The S&P 500 Index couldn't maintain its grip on positive territory, settling for a daily deficit of about 3 points, closed at 1139.78. However, the SPX remained above the key 1130 level, which served as a technical ceiling throughout the summer.
Today's market is the same pattern as usual Fed meeting, major averages made some sharp swings with the release of the statement, a big swing up followed by a big swing down. The market liked the fact that the Fed said it will take whatever measures are necessary to keep the economy from slipping further. Investors viewed that as sign that the Fed may implement further easing measures in the future if they need to. Then, the rally lost steam, as investors considered the Fed's economic outlook and the effectiveness of the possible stimulus measures.
Technically, market reached the January high 1050 Today. If you did read my prior posts on July,26 Bulls' sudden death resistance 1145-1150 and July,27 Short term flash point 1145-1150 , you should know the importance of this resistance. Today's market is a red flag to the bulls. Market go all the way to 1150, then close almost at the low of the day. Today's candlestick chart show a reverse signal, however we need to see a huge selloff day tomorrow for confirmation.

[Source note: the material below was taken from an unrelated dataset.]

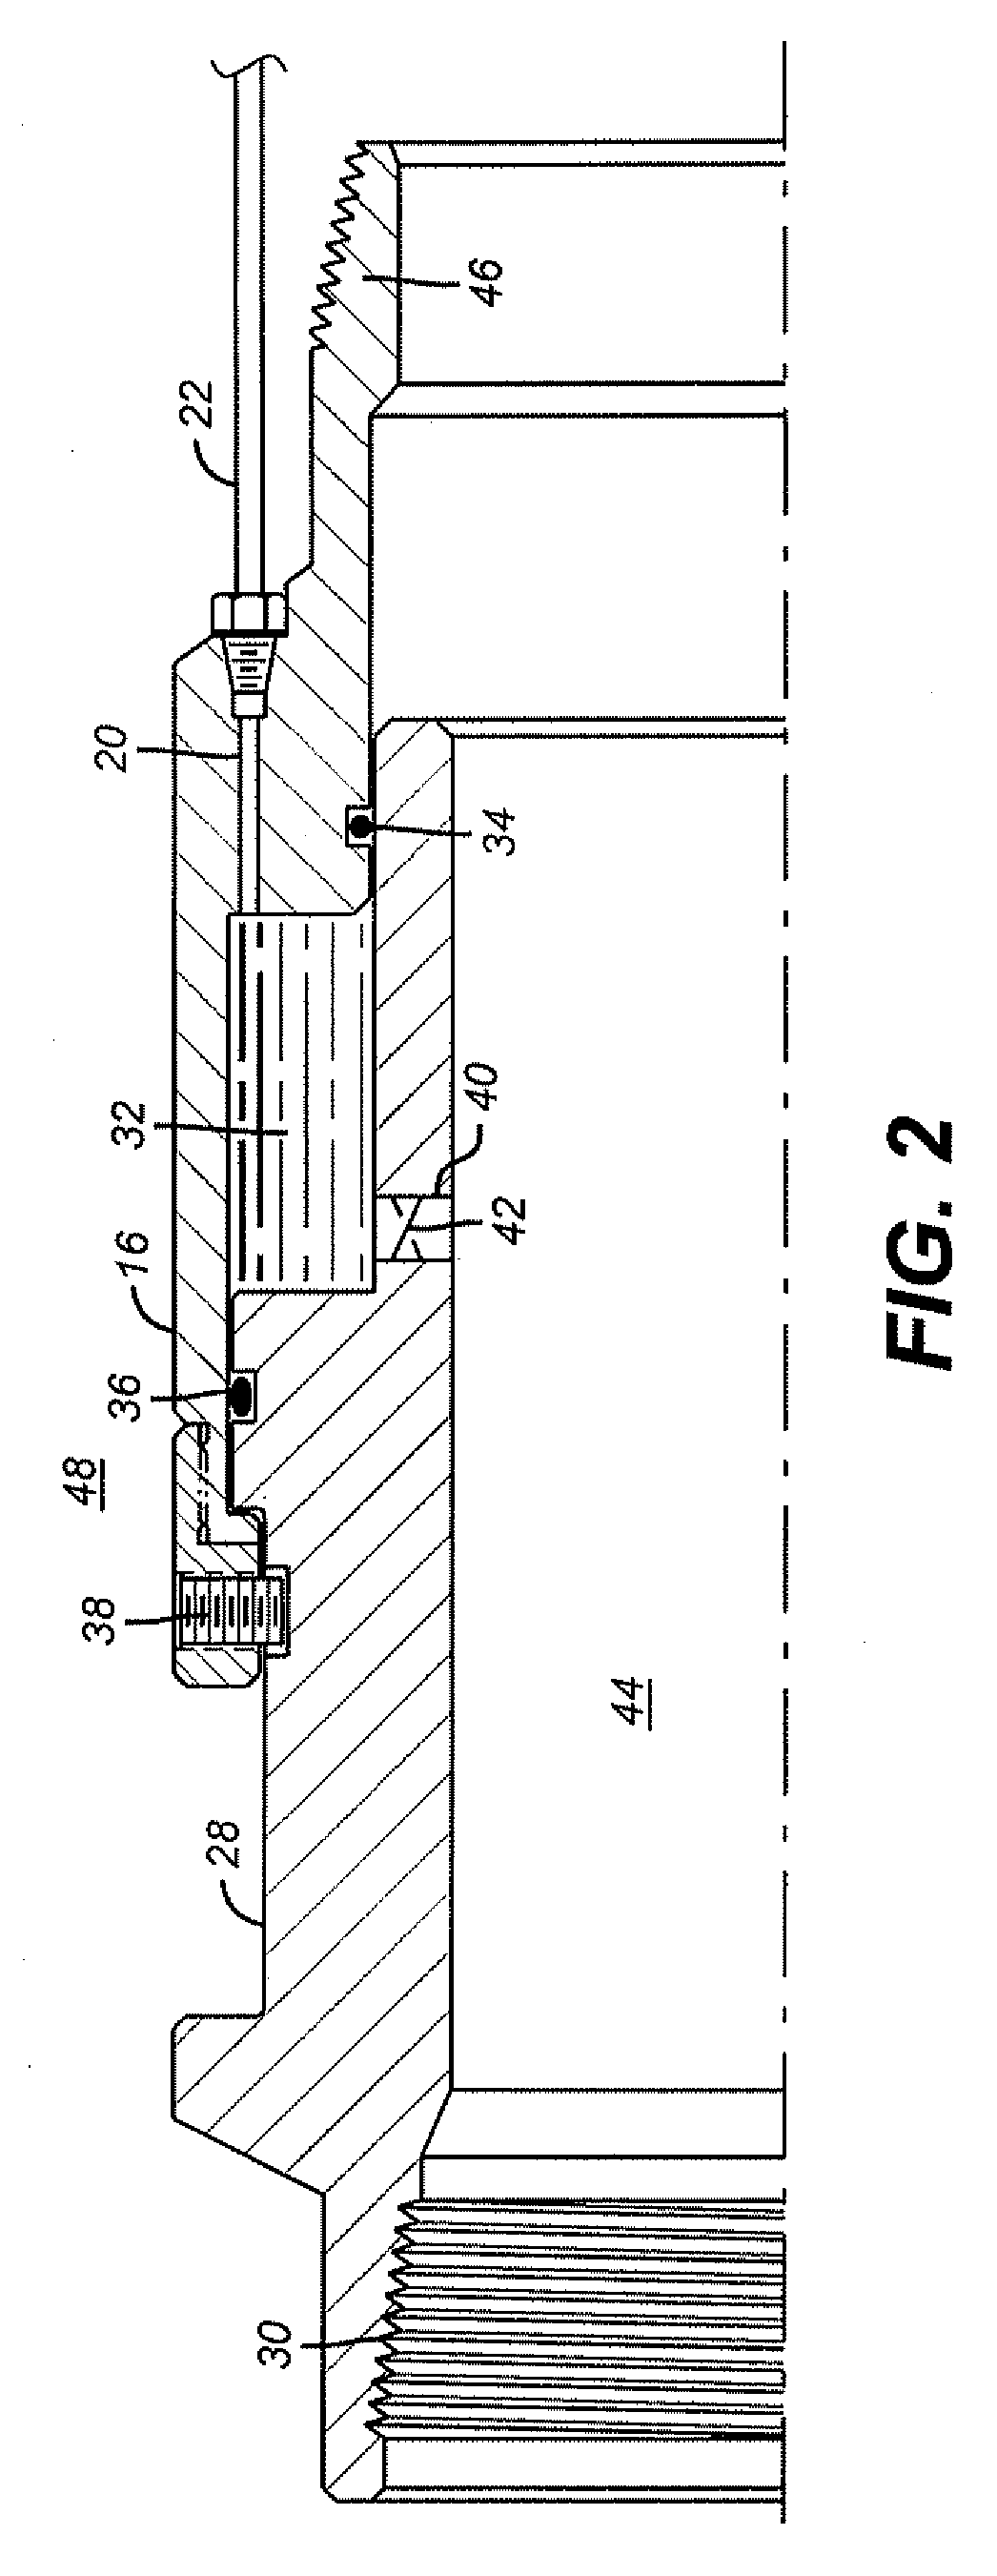 String Mounted Hydraulic Pressure Generating Device for Downhole Tool Actuation

By this time, you shouldn't hold any long position, or at least trim down to 20% stocks in your portfolio. Aggressive traders should start to accumulate short or inverse ETF. I have already bought some 3x inverse ETF (SPXU) when S&P500 hit 1137 today. Just a reminder, I don't expect market will break support 1130 in a easy manner. But I am comfortable and willing to hold some short at this critical resistance combine with current short term overbought level. In the meantime, the risk reward ratio is definitely favor the bears.